New international standards for environmental efficiency have ushered in a global consciousness for clean air and energy savings; and homeowners and builders across the globe are paying attention. Developed in Germany, PassiveHaus, or Passive House is the emerging gold standard for energy efficient building, and has gained popularity for successfully saving money in heating and cooling costs while improving indoor air quality.
On average Passive House dwellings, which are built with airtight insulation that maximizes the use of natural heating systems such as the sun, achieve an energy savings of 90 percent when compared to existing houses.
In the recent past, guidelines such as the Leadership in Energy and Environmental Design standard (LEED)-- an internationally recognized green building certification program--has sought to standardize basic principles of constructing homes and buildings. These standards apply to energy savings, water efficiency, reduction of CO2 emissions and improved indoor air quality. Developed by the U.S. Green Building Council (USGBC), LEED guidelines give building owners and operators a best-practices framework for green design, construction, operations and maintenance. Innovative designs like the Passive House model are at the forefront of this movement, pioneering practices to be adopted around the world.

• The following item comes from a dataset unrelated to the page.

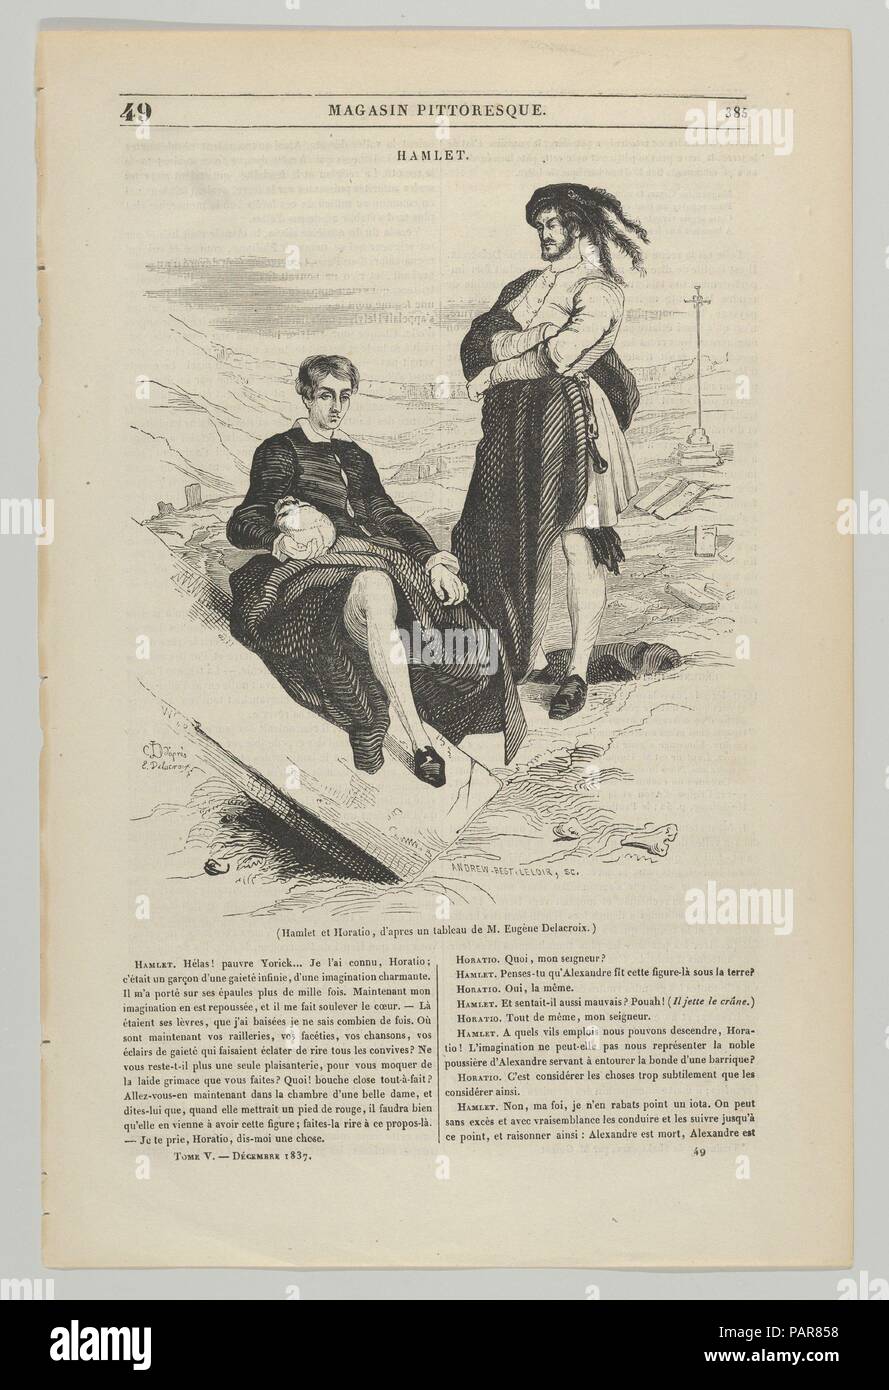 Wood engraving after painting by Delacroix of Hamlet and Horatio. Artist: After Eugène Delacroix (French, Charenton-Saint-Maurice 1798-1863 Paris). Dimensions: Image: 7 1/2 x 5 15/16 in. (19 x 15.1 cm)  Sheet: 11 11/16 x 7 11/16 in. (29.7 x 19.5 cm). Engraver: Andrew, Best, Leloir (French). Subject: William Shakespeare (British, Stratford-upon-Avon 1564-1616 Stratford-upon-Avon). Date: December 1837. Museum: Metropolitan Museum of Art, New York, USA. Stock Photo

At the most basic level, a unit built to Passive House standards employs good insulation with minimal thermal bridges, contains well designed use of solar and internal resources, maintains an excellent level of airtightness and has a ventilation system that provides efficient heat recovery and good indoor air quality. The home is engineered to be so airtight that little heat can escape through the cracks in doors and windows of most other homes. Thus, there is little need to use expensive temperature-manipulating systems. The Passive House framework, which employs these core principles of efficiency, is fast becoming an international standard for building as the design and ethos take hold across the globe.
In Europe, the European Parliament has proposed that all buildings meet passive-house standards of airtightness and energy efficiency by 2011. In Asia and Canada, builders are replicating the design and principles. Worldwide, there are approximately 17,000 buildings constructed to the Passive House standards.
Passive-house is also gaining popularity in the United States because of the demand for environmental friendliness, long-term energy savings and good indoor air quality. As consumers strive for more natural resources to power their heating and cooling costs and continue to move away from traditional methods that are costly and inefficient, the principles of passive house will gain in popularity.
What’s more, there are advocates in all sectors--from government to professionals in the architectural world who are spreading the message about this type of design. Architects and homeowners from California to Massachusetts, are replicating the passive house design and meeting a warm reception.